# Task details
With pictures left out, output exactly the lines of the listing below from the line that has "德瑞亞空壓機，中國高品質空壓機倡導者" to the line that has "Buchenwald Ausgrenzung Und", both lines kept.

Segment Start: Data for the task

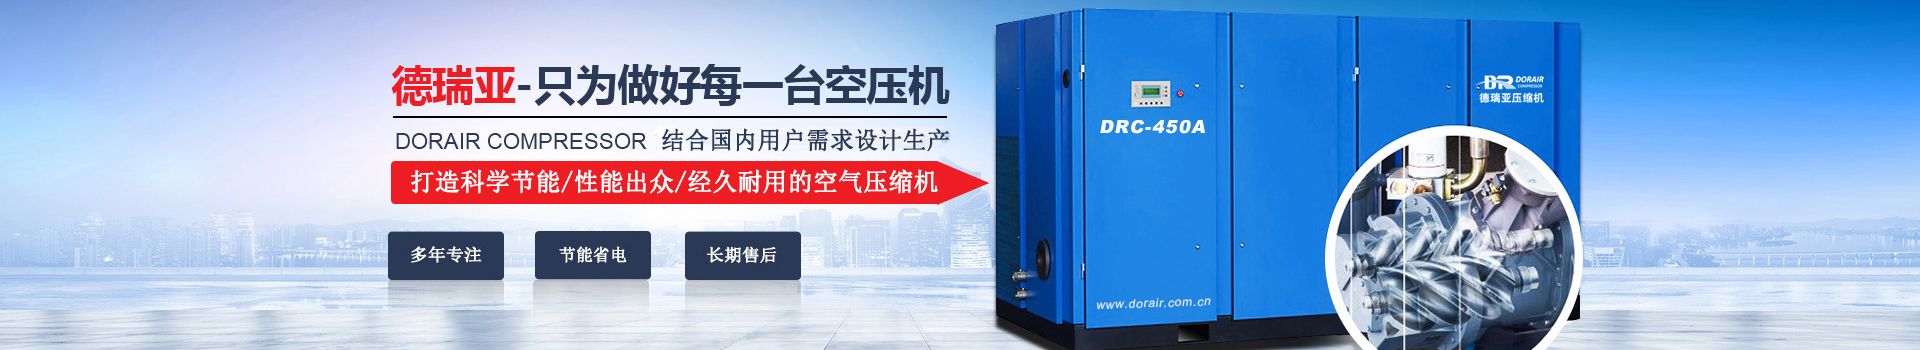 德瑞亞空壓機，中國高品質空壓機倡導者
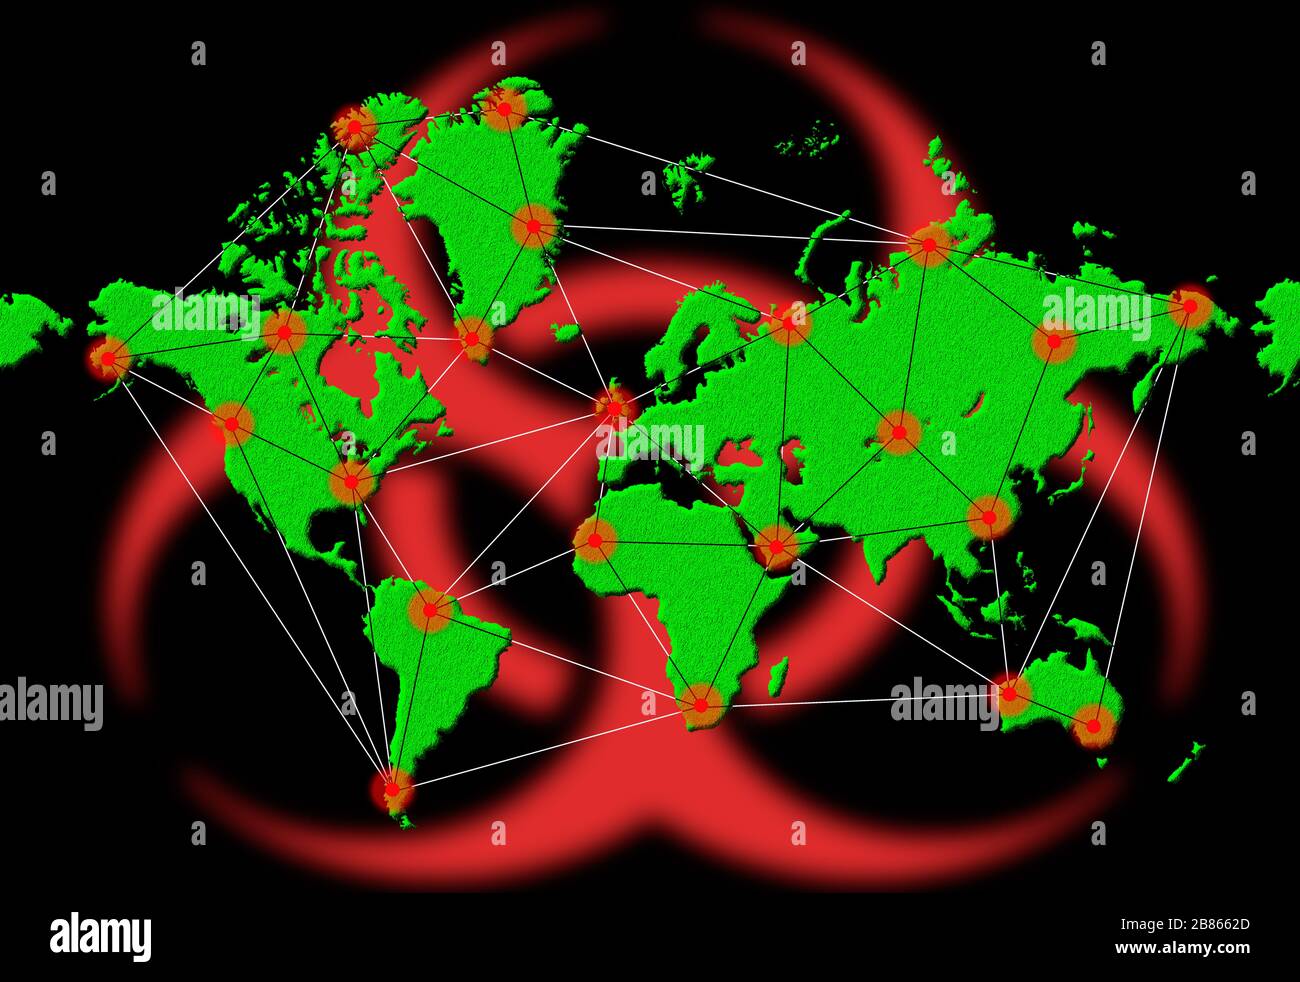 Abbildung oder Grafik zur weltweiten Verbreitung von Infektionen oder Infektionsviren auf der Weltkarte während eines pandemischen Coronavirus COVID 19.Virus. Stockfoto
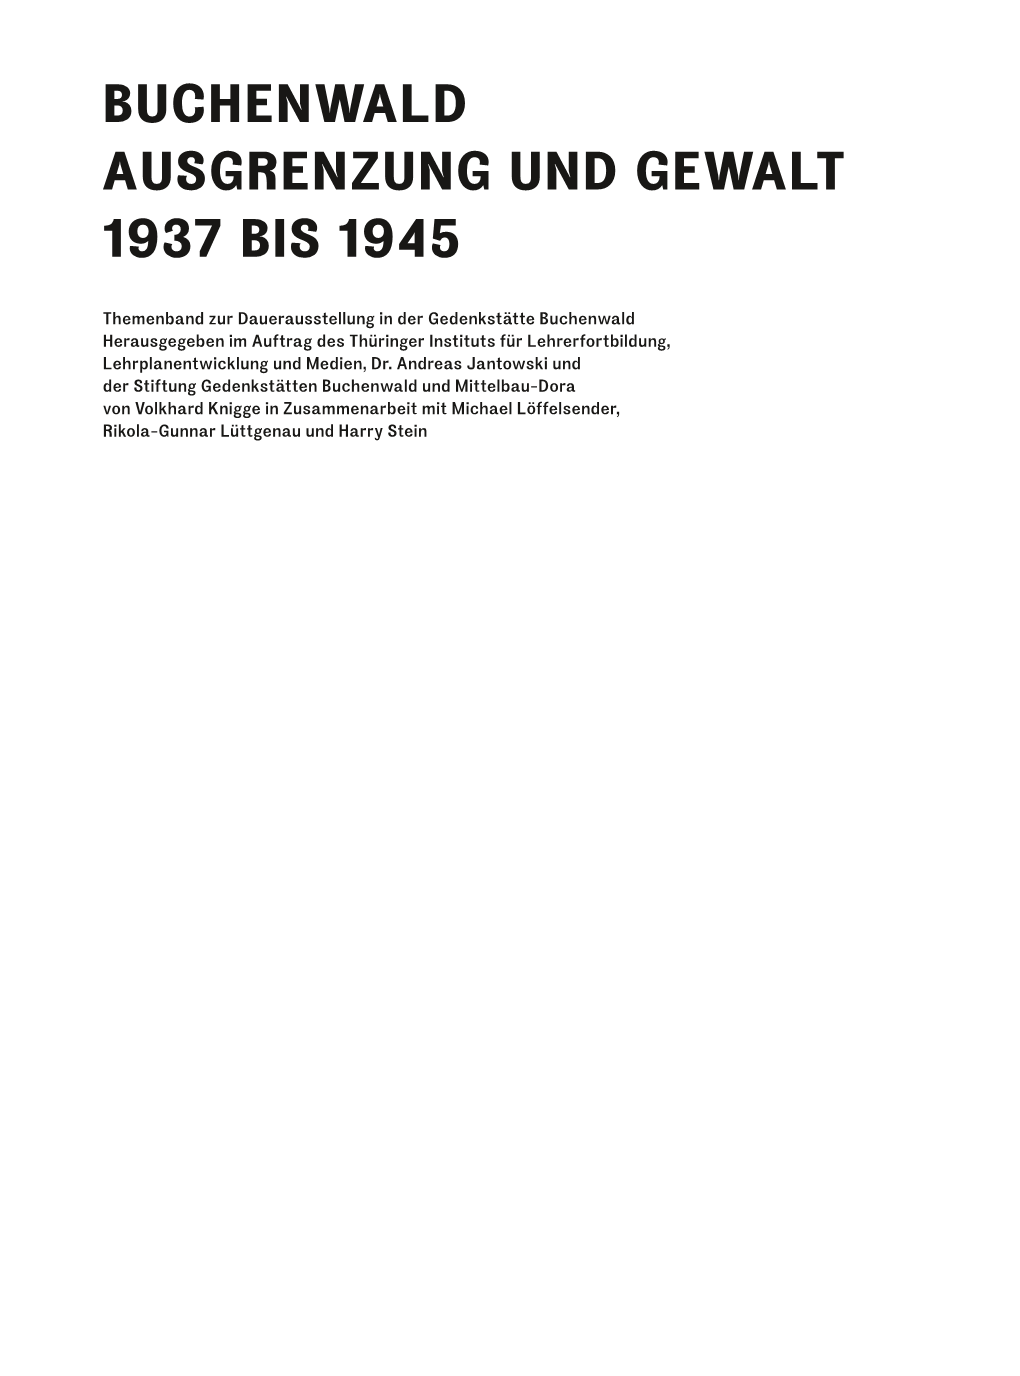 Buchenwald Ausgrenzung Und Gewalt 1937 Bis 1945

Segment End: Data for the task
Segment Start: Data for the task

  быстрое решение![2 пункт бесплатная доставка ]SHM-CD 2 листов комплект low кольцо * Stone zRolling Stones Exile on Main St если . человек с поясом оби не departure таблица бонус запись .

Segment End: Data for the task

# Exercise output
 德瑞亞空壓機，中國高品質空壓機倡導者
 Abbildung oder Grafik zur weltweiten Verbreitung von Infektionen oder Infektionsviren auf der Weltkarte während eines pandemischen Coronavirus COVID 19.Virus. Stockfoto
 Buchenwald Ausgrenzung Und Gewalt 1937 Bis 1945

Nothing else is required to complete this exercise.